The other most distinctively impressionist aspect of Conrad’s narrative method concerns his approach to
visual description; and this preoccupation with the problematic relation of the individual sense
impressions to meaning is shown most clearly in one of the minor innovations of his narrative
technique.
Long before Heart of Darkness Conrad seems to have been trying to find ways of giving direct
narrative expression to the way in which the consciousness elicits meaning from its perceptions. One of
the devices that he hit on was to present a sense impression and to withhold naming it or explaining its
meaning until later; as readers we witness every step by which the gap between the individual
perception and its cause is belatedly closed within the consciousness of the protagonist.
This narrative device may be termed delayed decoding, since it combines the forward temporal
progression of the mind, as it receives messages from the outside world, with the much slower reflexive
process of making out their meaning. . . Conrad presented the protagonist’s immediate sensations, and
thus made the reader aware of the gap between impression and understanding; the delay in bridging
the gap enacts the disjunction between the event and the observer’s trailing understanding of it.
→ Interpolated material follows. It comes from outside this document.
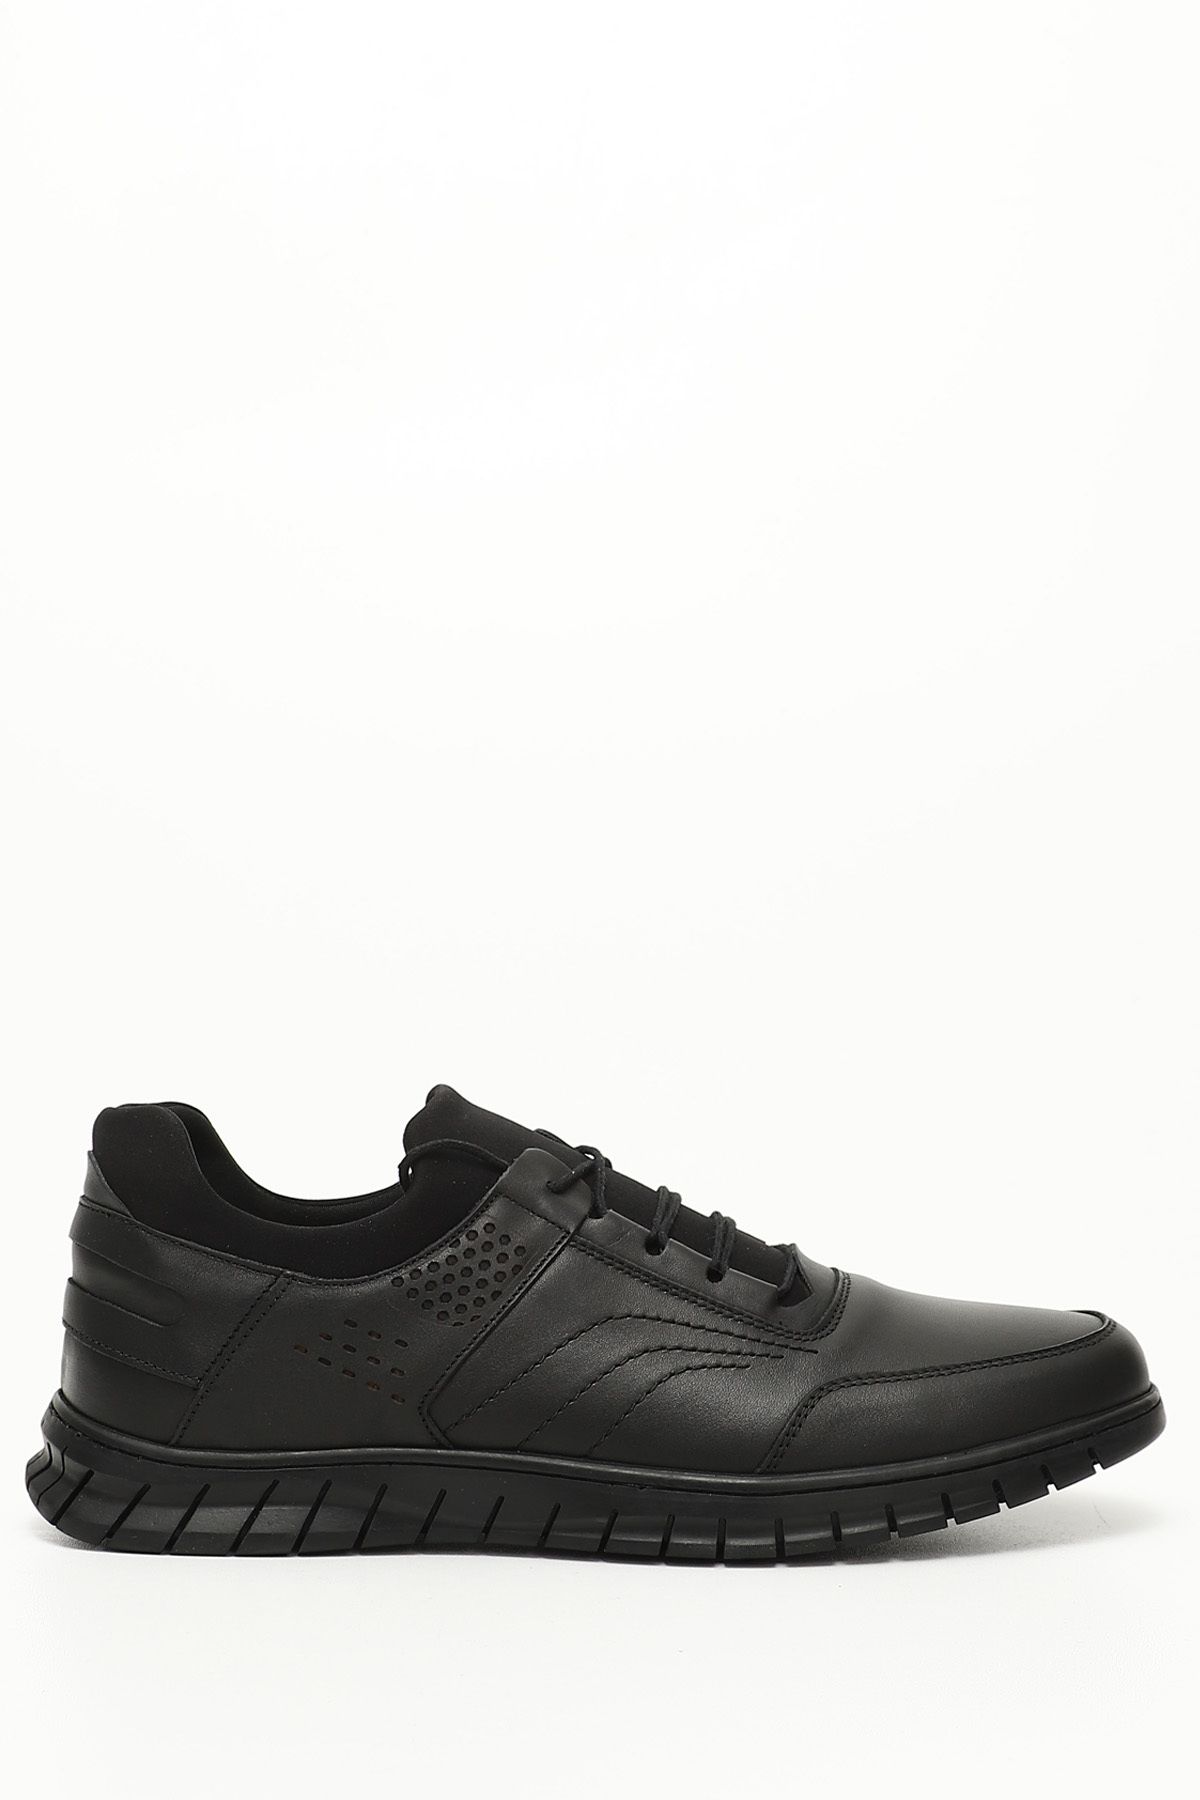 GÖNDERİ(R) Siyah Gön Hakiki Deri Yuvarlak Burun Bağcıklı Günlük Erkek Sneaker 42284

Conrad’s method reflects all these difficulties in translating perceptions into causal or
conceptual terms. This takes us deeply into the connection between delayed decoding and
impressionism: it reminds us, as Michael Levenson has said, of the precarious nature of the process of
interpretation in general; and since this precariousness is particularly evident when the individual’s
situation or his state of mind is abnormal, the device of delayed decoding simultaneously enacts the
objective and subjective aspects of moments of crisis. The method also has the more obvious advantage
of convincing us of the reality of the experience of what is being described; there is nothing suspiciously
selective about the way it is narrated; while we read, we are, as in life, fully engaged in trying to
decipher a meaning out of a random and pell-mell bombardment of sense impressions.